The selection of XMosaic was made for several reasons. According to some estimates at the time [Kostner, 1994], XMosaic accounted for roughly 53% of all WWW related accesses to HTTP servers. Furthermore, XMosaic was one of the only UNIX based GUI browsers available. Still, since the computing environment studied also included several other platforms that supported non-logging WWW browsers, certain portions of the computing population were not able to participate. Another confound of the experimental design exists in that it was possible for users to compute on multiple platforms during the sampling period, which may have resulted in the users running the specialized Sun OS version of XMosaic in tandem with other non-logging versions of WWW browsers.
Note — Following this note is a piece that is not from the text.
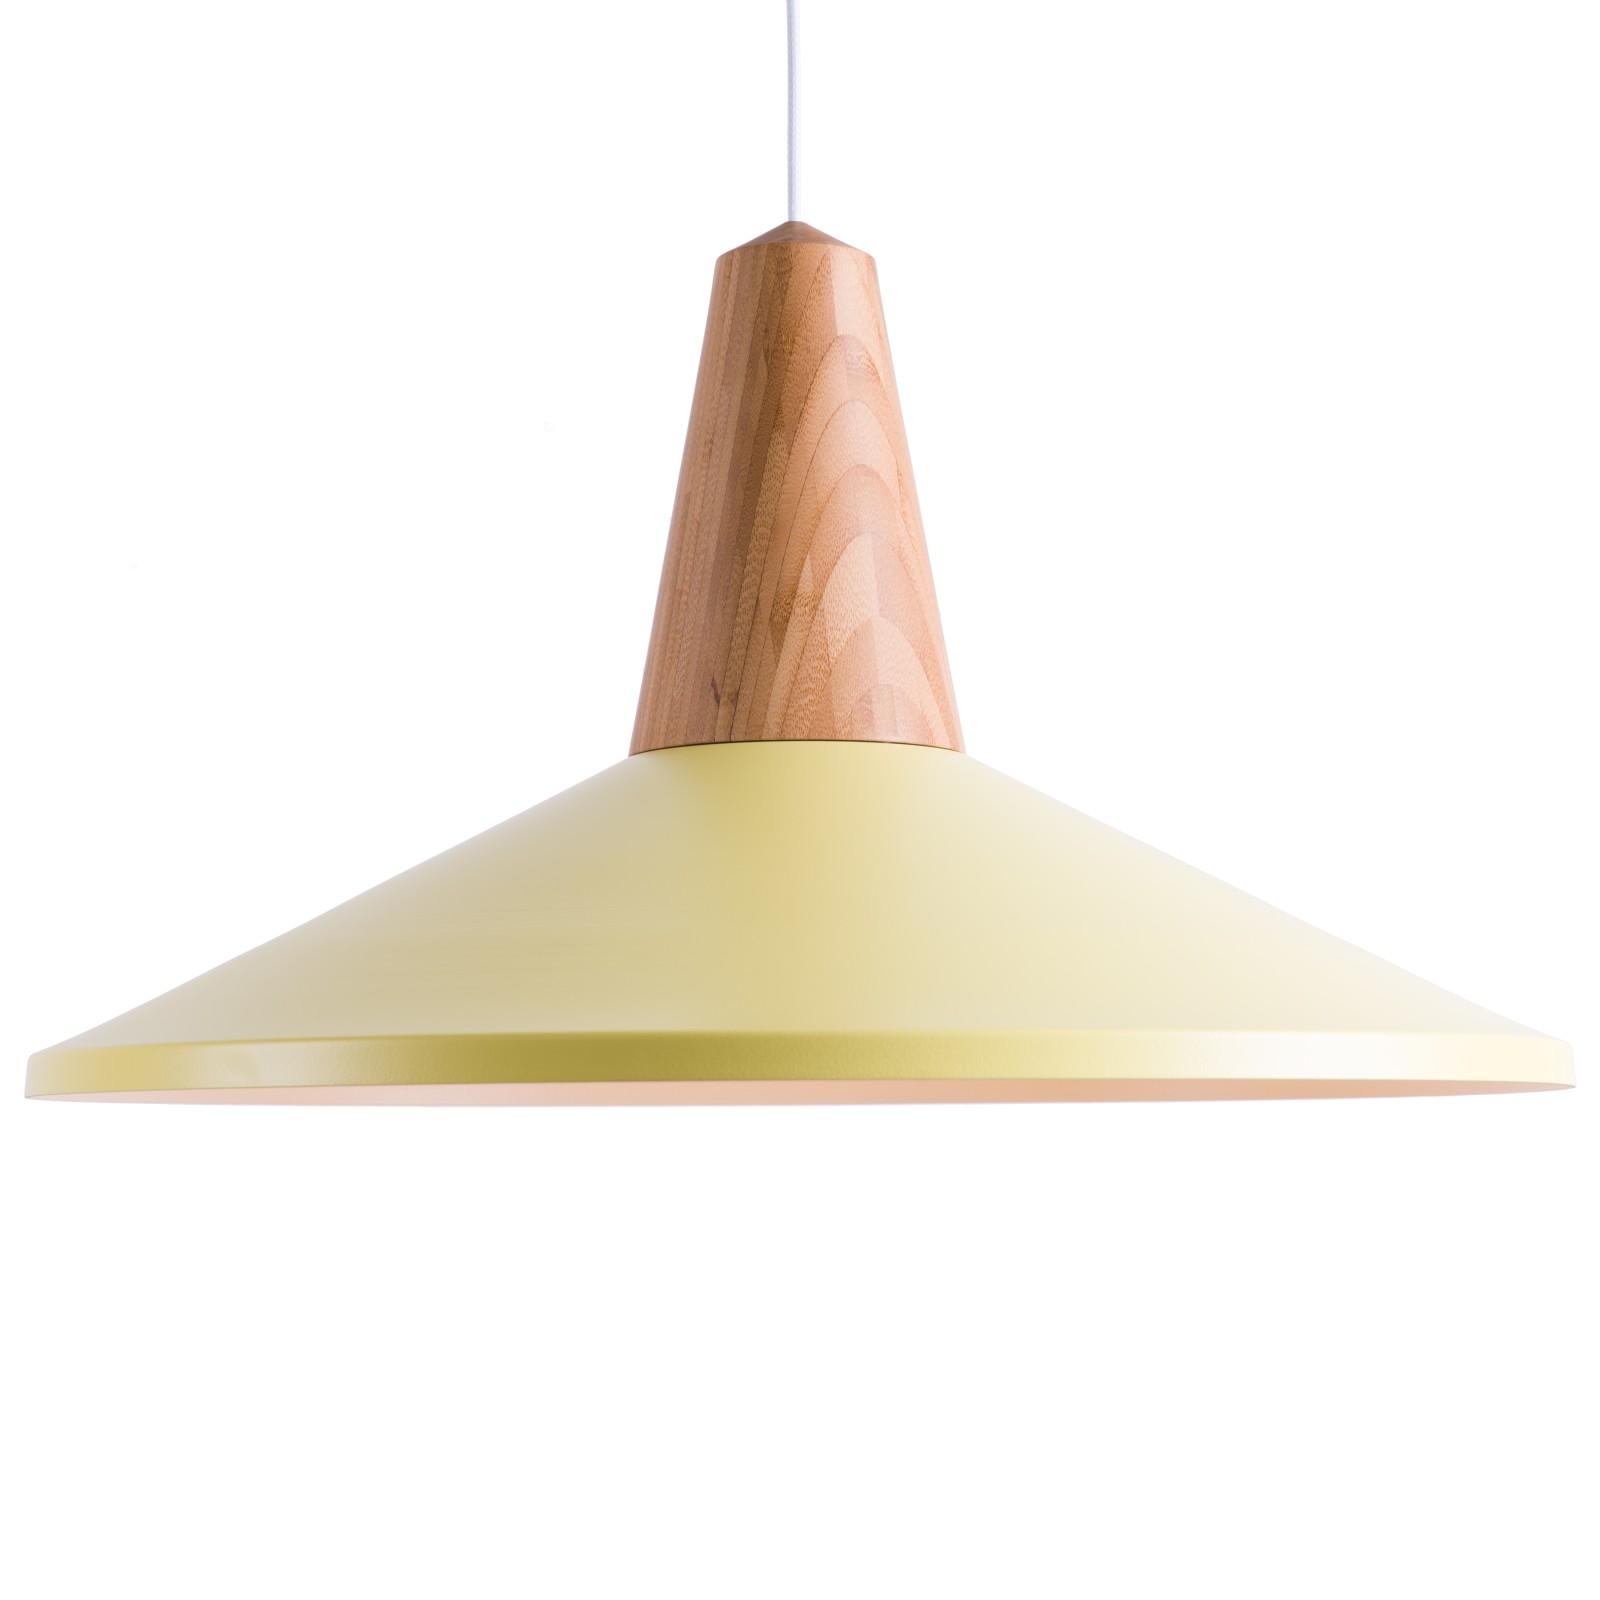 Eikon Shell Light Yellow Bamboo
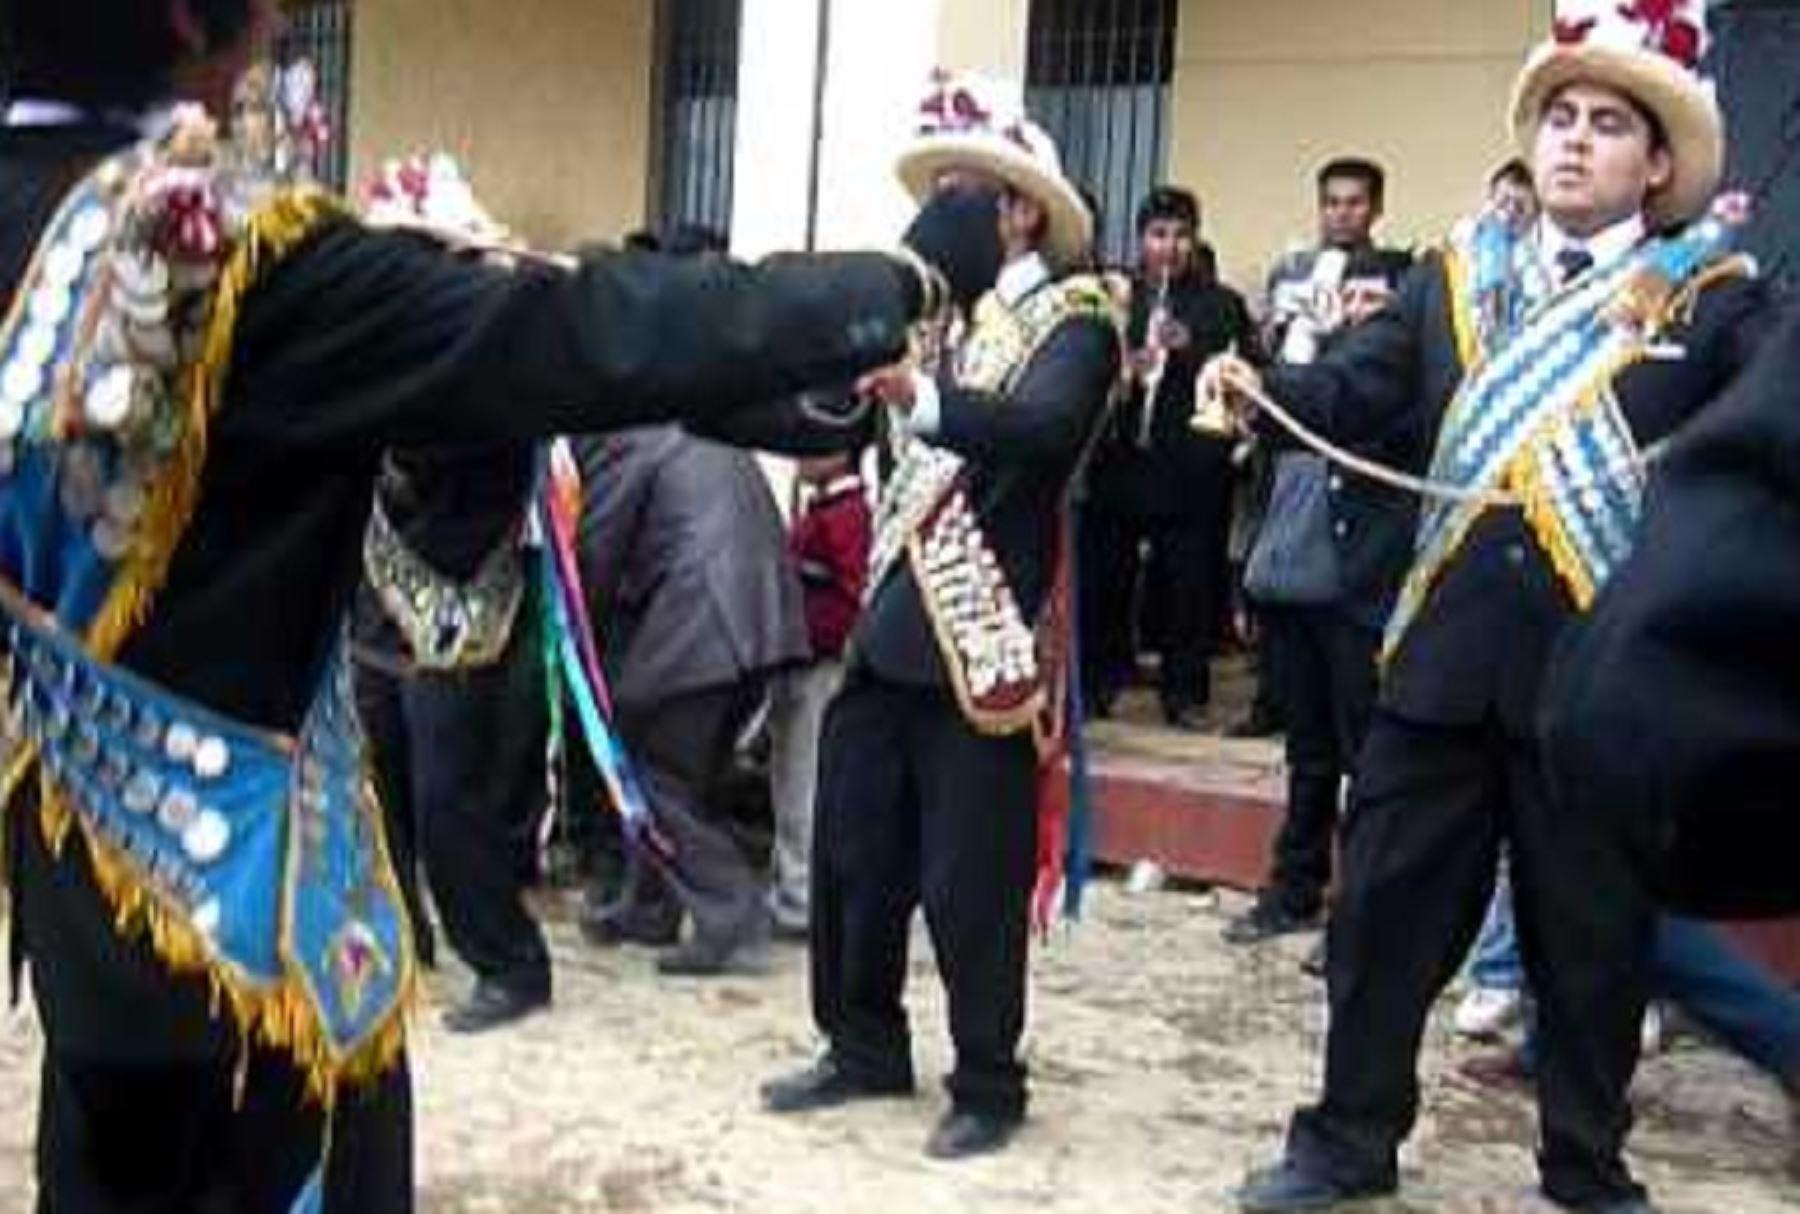 ¡Áncash celebra! Danza Negritos de Plata de Aija ya es Patrimonio Cultural de la Nación

Table 1. Occurrence of X Mosaic user events mapped to UIDE- like 
representation,where M = mouse click; K = keyboard entry (after Sukaviriya et. al., 1993) 

---------------------------------------------------------------------------------------------------------------------------

Application Action 

Interface Technique

Instances Percentage

Category of Action

Description of Action 

---------------------------------------------------------------------------------------------------------------------------

Anchor M 16140 51.9 Navigate Selection of Hyperlink in Document
Back M K 12633 40.6 Navigate Go Back One Document 
Open URL M K 707 2 Navigate Open File via a URL
Hotlist - Go To M 636 2 Navigate Go to Document via Hotlist
Forward M K 537 2 Navigate Go Forward One Document
Open Local M K 221 .7 Navigate Open Local File
Home Document M K 179 .5 Navigate Go to the Home Document
Window History  M K 39 .1 Navigate Go to Document via Window History

---------------------------------------------------------------------------------------------------------------------------


Analysis and Results

The original log file comprised over 43,000 events, with each record uniquely identifiable by user id and time of occurrence. The file was sorted by user id and secondarily by event time. This file includes all user interface events.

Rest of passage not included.